By Landraya White
There’s one thing that we women need to have more of when it comes to men and it’s patience. Honestly, patience is truly a virtue. And it’s hard to have when we are always playing the waiting game with a new boy with potential.
Being in a serious relationship for a long time can do one of a few things to a girl. If it ends badly, it can make you shun away men, treating them as if they all have the bubonic plague. If it goes well, it can make you gully for love, those kind of people who go around smiling all the time. But if you get out of being a serious relationship, it sometimes feels hard to just be single for a while.
Sometimes you get this feeling where you start to miss being loved. And come on, if you’ve ever been in love you know what that feels like. I can say some of my happiest moments came from when I was deeply in love with a man. I have never been happier in my life. We sometimes don’t realize how valuable the concept of love between two people can be. Or how precious it is.
Getting out of a bad relationship can do emotional damage, but as a woman, I’ve seen myself become that terrifyingly aggressive female who constantly pushes for a relationship way too early and watches a guys buttocks as they run away. No, seriously! Cooing “babe” over the phone at only three weeks in is a sign of that and any form of intimacy makes me automatically think that the guy must want to be my boyfriend because hey—he’s hanging out in places that I don’t let many people venture too. I have found that in most of my lustful mishaps and failed courtships, that I too was to blame. I ride over the idea that the guy could only want me for a pleasurable night in bed, and try to imagine myself being with the person. He couldn’t be possibly out to hurt me. He must want me now.
Yes. I imagine myself with them. It’s really a horrible thing to be bitten by the lovebug. I’ve actually had dreams of being pregnant and married with men that I’ve just recently met and started crushing on.
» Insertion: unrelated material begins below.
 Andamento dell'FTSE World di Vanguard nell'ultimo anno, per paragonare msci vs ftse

Why was I doing it? Because I had this constant need to get back into a relationship immediately. I wanted to be hugged, loved, and touched all over again. I’m a fiend for love, I am and I miss being in a relationship. And it’s so hard when you feel like everyone around you is all booed up and happily running along with their mates. I start to wonder, what’s wrong with me? Why can’t I get a man?
I reached a point when I was over being single. And I reached that limit pretty fast. I mean, who can really stand dealing with dumb boys that just want to get some over and over again? It’s the thrill of the chase, the reason why some people feel the urge to be single in the first place. But honestly, I’m one of those girls that don’t like to be played a fool by a man, and for some reason it’s happened to me too many times. I get all caught up in the game he’s spitting and forget to realize the condom sitting on the dashboard of his car. Need I say more?
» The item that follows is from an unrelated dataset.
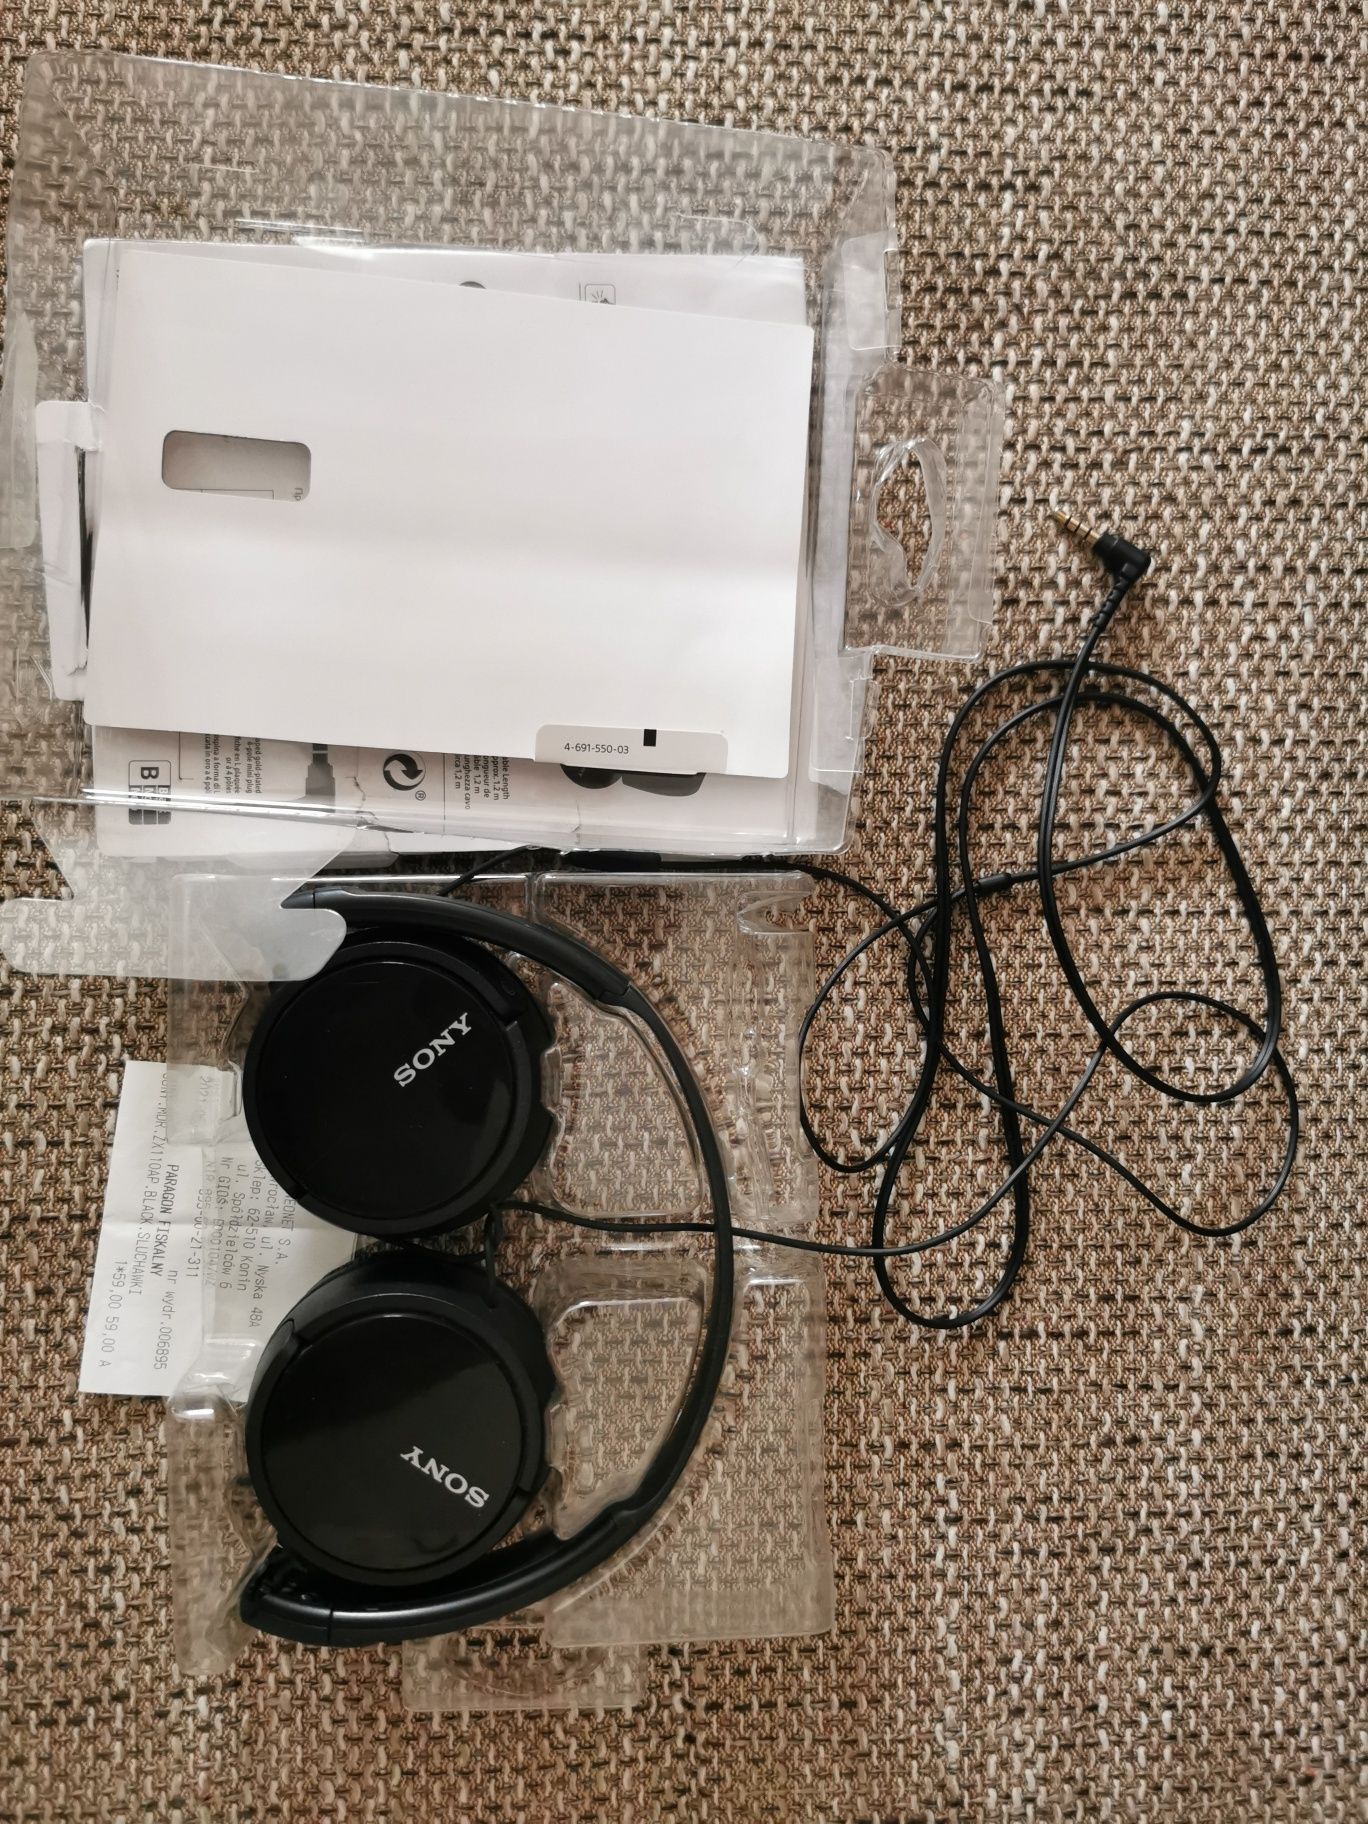 Słuchawki Sony MDR-ZX110AP

But what I’ve learned from relationships that last, is that you have to play the waiting game. And hold yourself to higher integrity in the process of it. Many of my good girlfriends that are with great guys right now didn’t just meet them in a day and start dating them over night. Some were people they knew for quite some time. Somewhere friends of a friend. But they all had patience when it came to finding true love. Jumping into a relationship too quickly, I’ve noticed, can make a person crash and burn. I mean honestly, do you really know a person after talking to them for three weeks? Give it time, blow some fairy dust on it.
The last thing you want to do is look like a big fool. What you want may not be what the other person wants, so make sure you clear that up soon before you find yourself initiating every phone call and looking real desperate. No one wants to be that girl.
I’ve always believed what’s meant to be shall be. If you meet that cute guy and hooked up with him on the low and felt played when he told you that he likes you but he’s got trust issues like Drake—don’t let him go to early. Hit him up every now and then. Really get to know them. I often feel like in our day and age we like to rush into things without really knowing a person. So take your time with it. And if you haven’t found that someone, just live your life. They will surely come along soon.
It’s hard, yes, because you never know when the lovebug is going to bite you and you constantly feel like you’re going to be waiting for forever.
But, patience is truly a virtue my dear. Patience is a virtue.